Zhang, Yu-Dong and Zhou, Qinghua (2019) Grand Challenges for Medtech Data Analytics. Frontiers in Medical Technology, 1. ISSN 2673-3129
pubmed-zip/versions/1/package-entries/fmedt-01-00002/fmedt-01-00002.pdf - Published Version
Download (180kB)
Abstract
The capacity and affordability of data storage rapidly increased over the past century (1). In the twentieth century, punch cards were widely used by controlling a loom to punch holes in a paper tape. In the 1960s, the magnetic storage replaced the punch cards. In 1947, a practical random-access memory (RAM) was invented in the form of “Williams tube.” The earliest RAM can store 1,024 bits data. IBM sold the first floppy disk in 1971. The most common 51/4-inch diskette allows a 360 KB storage. Optical disks come to the use by Sony and Phillips in mid-1980s. Its first version has a capacity of 650 MB data, while the latest Blu-ray disc can hold 25 GB storage. We also have flash drives nowadays for portable storage, with capacity varying from 8 to 128 GB. In the field of persistence storage, the hard disk drive (HDD) is dominant. The typical capacity of HDD varies from 60 GB to 8 TB. Another device is called solid-state drives (SSD), which does not use the conventional spinning disks and movable heads. SSDs store data in semiconductor cells, and are more resistant to physical shock. All those innovations are the basis of our current data abundant society.
The appearance of data silos and cloud computing storage all facilitate the use of big data. Data silos are insular data repositories which work under the control of one organization and is isolated from the rest. If data silos are plant-specific electric generators, then cloud computing is the electricity grid. Cloud computing facilitates the provision of on-demand resources and helps utilize the data more efficiently. All those techniques lay a solid foundation for the popularity of big medical data (2).

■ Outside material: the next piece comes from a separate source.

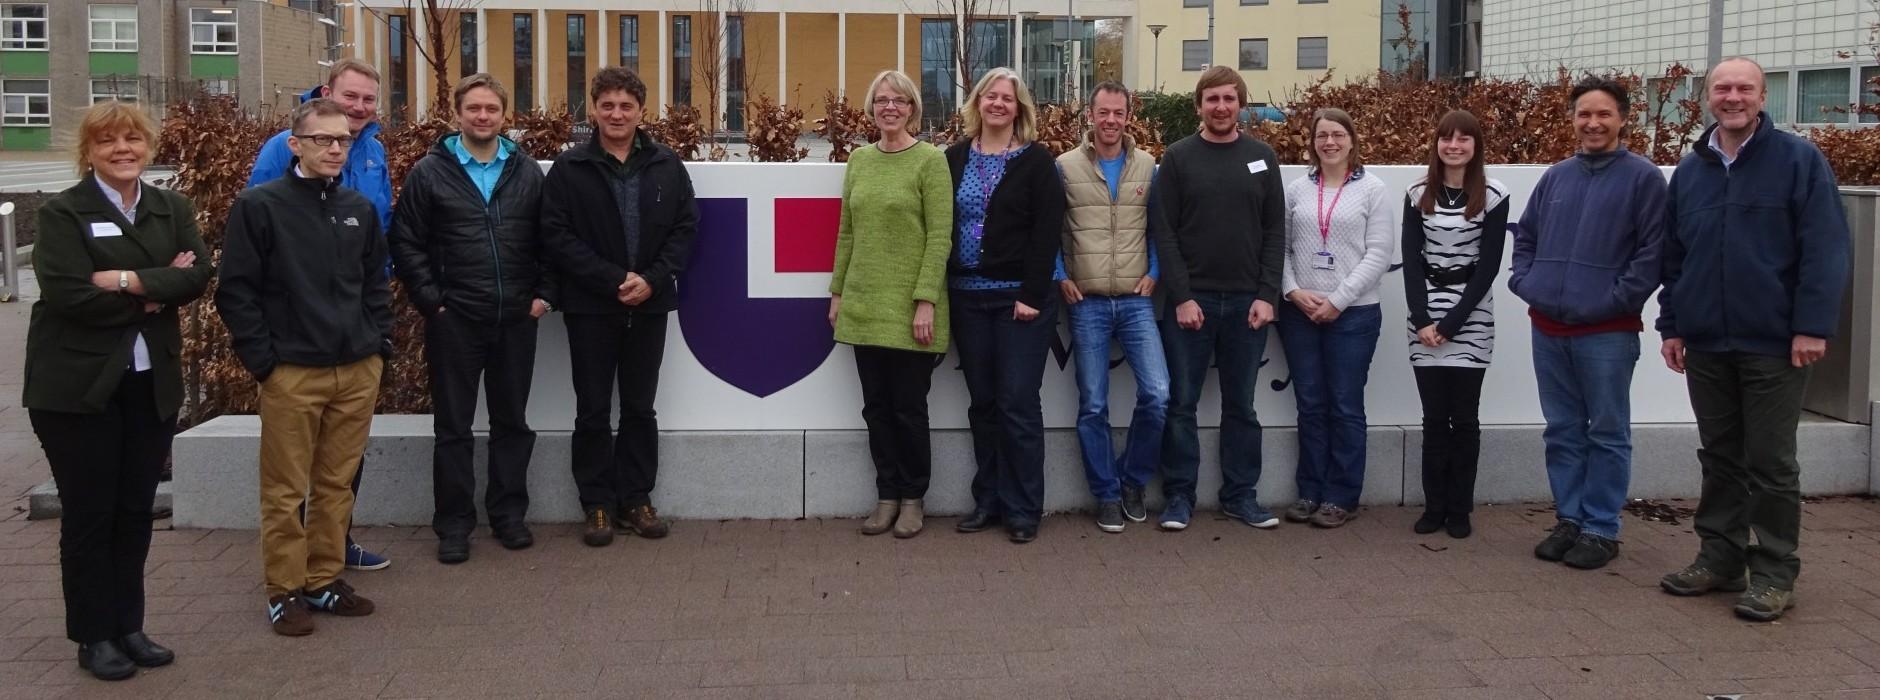 HLCCD Network Meeting Feb 2015

The first grand challenge is the “heterogenous” data. The available medical data to us today are a mixture of structured, semi-structured, and unstructured data (3). Data sources include medical imaging, genomic sequencing, patient engagement platforms, e-health records, mobile-phone apps, health-care social media, monitoring, and wearable devices, etc. One possible solution to this heterogeneity in data analysis is to use “data fusion” methods (4), Data fusion integrates the heterogeneous data in attempts to create better-performing analytical models compared to models using data of single modality.
The second grand challenge is how to handle the “big” medical data. International Data Corporation (IDC) once predicted that “the global datasphere will grow from 33 zettabytes in 2018 to 175 zettabytes by 2025” (5). Recall that 1 zettabyte is 10 to the power of 21 bytes (6). Those vast amounts of mixture data bring challenges: the lack of data standardization, the concern of privacy and security issues, the speed-limitation and eavesdrop possibility of data transfer, the reliability of data storage, etc. These challenges have slowed the process of leveraging healthcare data and deployment of existing analytics models. High-speed computer servers with the integration of high distributed computing, streaming algorithms, or cloud computing (7) are possible solutions to this challenge.

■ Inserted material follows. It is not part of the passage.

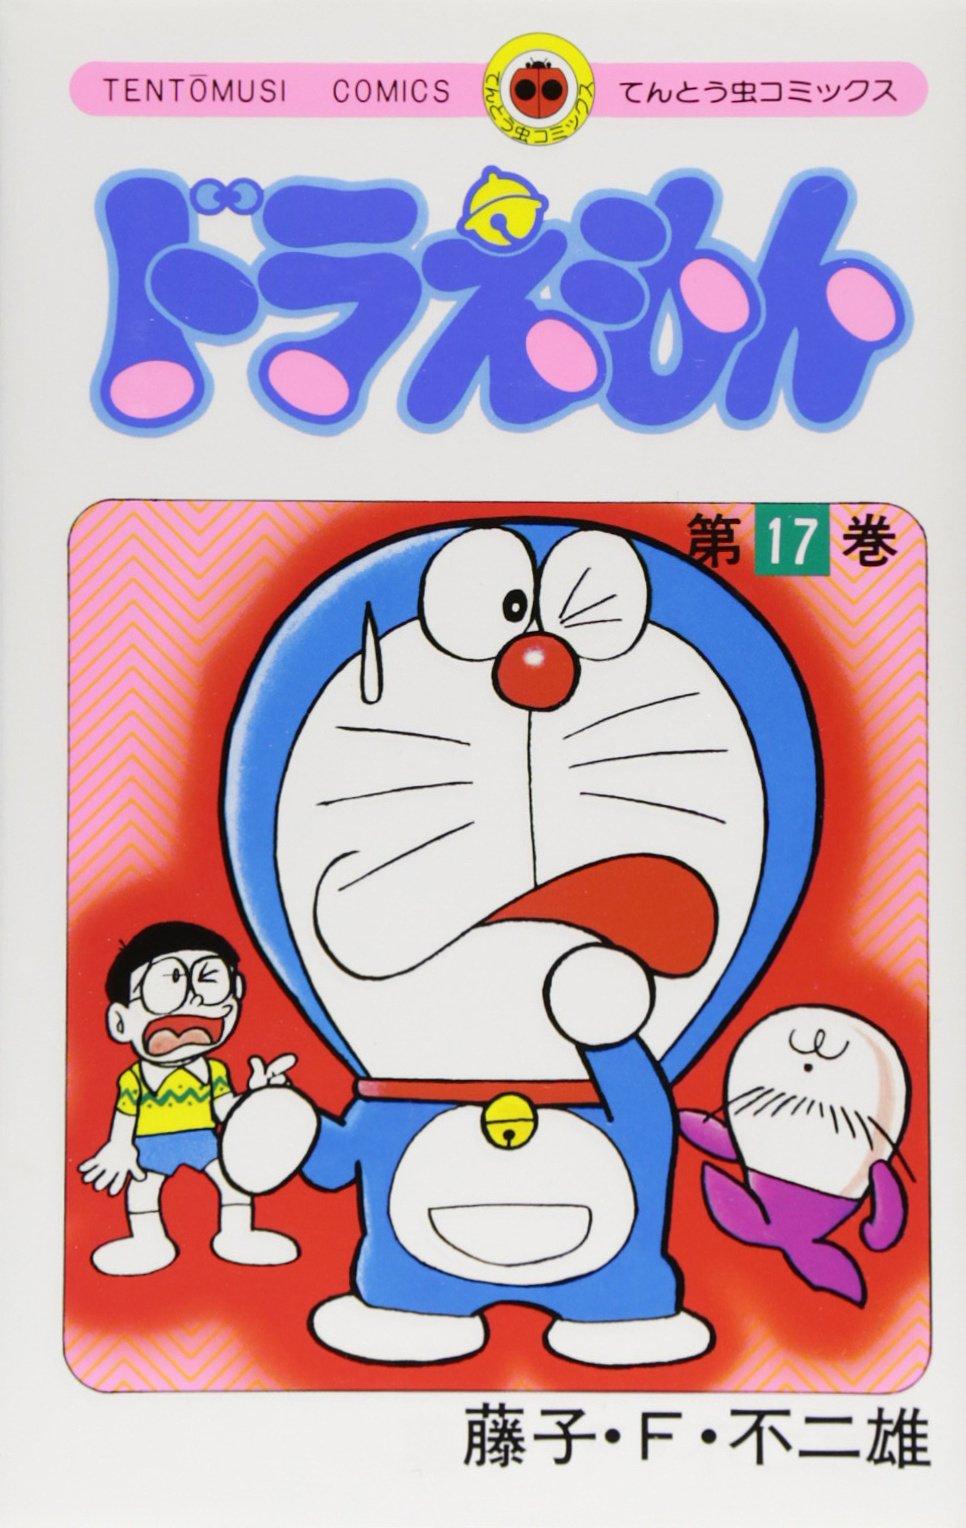 Doraemon 17 (Tentomushi Comics) (Japanese Edition): Fujiko F. Fujio:  9784091401076: Amazon.com: Books

The third grand challenge is to generalize a clear “definition” of MedTech data analytics, an interdisciplinary field that builds upon big data, health data analysis, data-driven model, artificial intelligence, etc. A clear definition is necessary so that the users can know what MedTech is and is not, and how to approach it appropriately. Prof. Dan Ariely once said, “Big data is like teenage sex: everyone talks about it, nobody really knows how to do it, everyone thinks everyone else is doing it, so everyone claims they are doing it…”(8). This ambiguity of “big data” applies to AI, to deep learning, to almost all the emerging techniques that are currently being or will be applied to MedTech data analysis. A potential solution is to create an accurate and exact methodology framework so users can easily understand those concepts.
The fourth grand challenge is “small-size.” Although the medical data are often heterogeneous and substantial for a single subject, the size of the patient cohort is usually quite small compared to healthy controls. This commonly seen categorical imbalance, i.e., unbalanced datasets, will cause the so-called “overfitting” problem to not only classical AI models but also modern deep learning models. In training, models can become too closely related to the datasets' majority of healthy controls. Some remedies were proposed to avoid overfitting, such as cost matrix, early stopping, oversampling, sensitivity analysis (9), etc.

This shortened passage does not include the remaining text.